É um sistema em permanente expansão, com milhares de quilômetros adicionais planejados até 2030 para acompanhar megaprojetos urbanos e novos polos industriais.
Energia, salmoura e o custo ambiental de sobreviver no deserto
Nenhum processo físico é “de graça”. Para sobreviver no deserto com base em dessalinização, a Arábia Saudita paga uma conta energética pesada.
As antigas centrais térmicas consumiam cerca de 15 kWh por metro cúbico de água produzida, queimando grandes volumes de combustíveis fósseis.
Com a adoção massiva da osmose reversa e de plantas híbridas, essa intensidade energética caiu para valores abaixo de 3 kWh por metro cúbico em unidades mais modernas, o que representa um ganho expressivo de eficiência.
Ao mesmo tempo, o país começou a acoplar usinas solares a projetos como Jubail 3A, que já gera uma parcela relevante da energia necessária a partir do sol.
Isso reduz a dependência de gás e petróleo, libera combustíveis para exportação e diminui a pegada de carbono de um sistema que nasceu intensivo em energia.
Ainda assim, manter milhões de pessoas a sobreviver no deserto com água fabricada continua sendo um esforço energético de escala nacional.
Além da energia, o grande passivo é a salmoura, o concentrado de sal que sobra depois que a água doce é extraída.

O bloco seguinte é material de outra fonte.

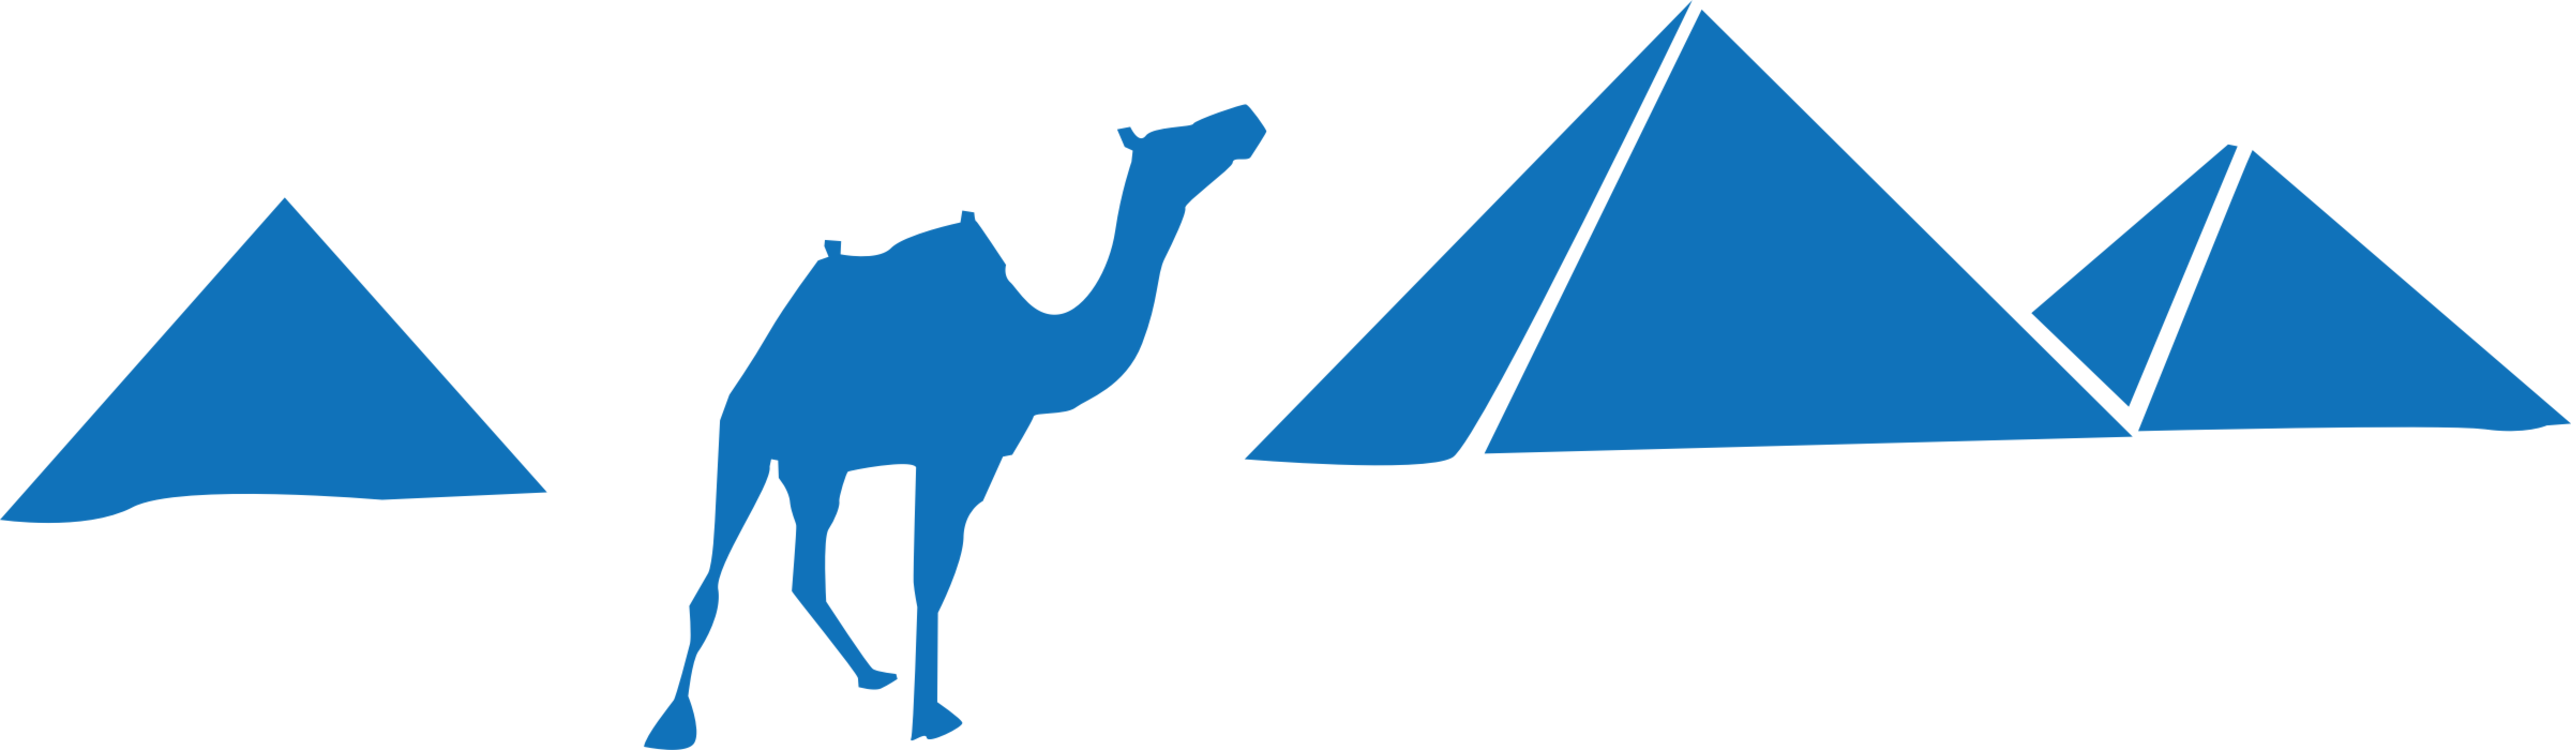 Blue,Silhouette,Triangle

Todos os dias, milhões de metros cúbicos desse fluido mais salgado e mais quente são devolvidos ao mar, podendo criar zonas de salinidade elevada e estressar ecossistemas sensíveis, como recifes de coral.
A resposta saudita passa por um novo tipo de engenharia: tratar a salmoura não como lixo, mas como matéria-prima.
Projetos em desenvolvimento buscam extrair cloreto de sódio, bromo, magnésio e potássio da salmoura, gerando produtos químicos, fertilizantes e uma receita capaz de abater parte do custo da água.
Em paralelo, tecnologias de descarga líquida zero tentam reduzir ao máximo o despejo direto no oceano, embora implementar isso na escala necessária para sobreviver no deserto com tanta dessalinização ainda seja um desafio em aberto.
Gestão de demanda, reúso e o futuro da água fabricada
Produzir mais água não basta se o consumo crescer sem controle. Durante anos, a Arábia Saudita manteve tarifas fortemente subsidiadas, incentivando desperdício e elevando o consumo per capita a patamares entre os mais altos do mundo.
Para que a estratégia de sobreviver no deserto seja sustentável, o país começou a mexer em um tabu: subir o preço da água conforme o consumo aumenta e usar medidores inteligentes para identificar excessos.
Esse ajuste trouxe resultado. Em poucos anos, o consumo médio por pessoa caiu de patamares muito altos para algo muito mais contido, liberando capacidade sem construir imediatamente novas usinas.
Ao mesmo tempo, a política agrícola mudou, reduzindo incentivos a culturas extremamente exigentes em água e deslocando parte da produção para modelos mais compatíveis com o clima.
Outro pilar é o reaproveitamento de águas residuais. Reutilizar esgoto tratado em irrigação, indústria e usos não potáveis reduz a pressão sobre a dessalinização e aumenta a resiliência de cidades grandes e pequenas.
Novas plantas descentralizadas de tratamento começam a atender comunidades distantes dos grandes sistemas, levando a lógica de sobreviver no deserto com água fabricada e reciclada para além dos grandes centros.
No horizonte, metas ambiciosas combinam mais capacidade de dessalinização, mais energia renovável, mais reúso e mais mineração de salmoura.
A equação é simples e dura: sem isso, não há como 37 milhões de pessoas continuarem a sobreviver no deserto em segurança hídrica em um cenário de crescimento urbano acelerado e clima cada vez mais extremo.
E você, acha que outros países em regiões secas deveriam seguir o caminho da Arábia Saudita e investir pesado em água fabricada para sobreviver no deserto, ou os riscos ambientais e energéticos ainda pesam mais que os benefícios?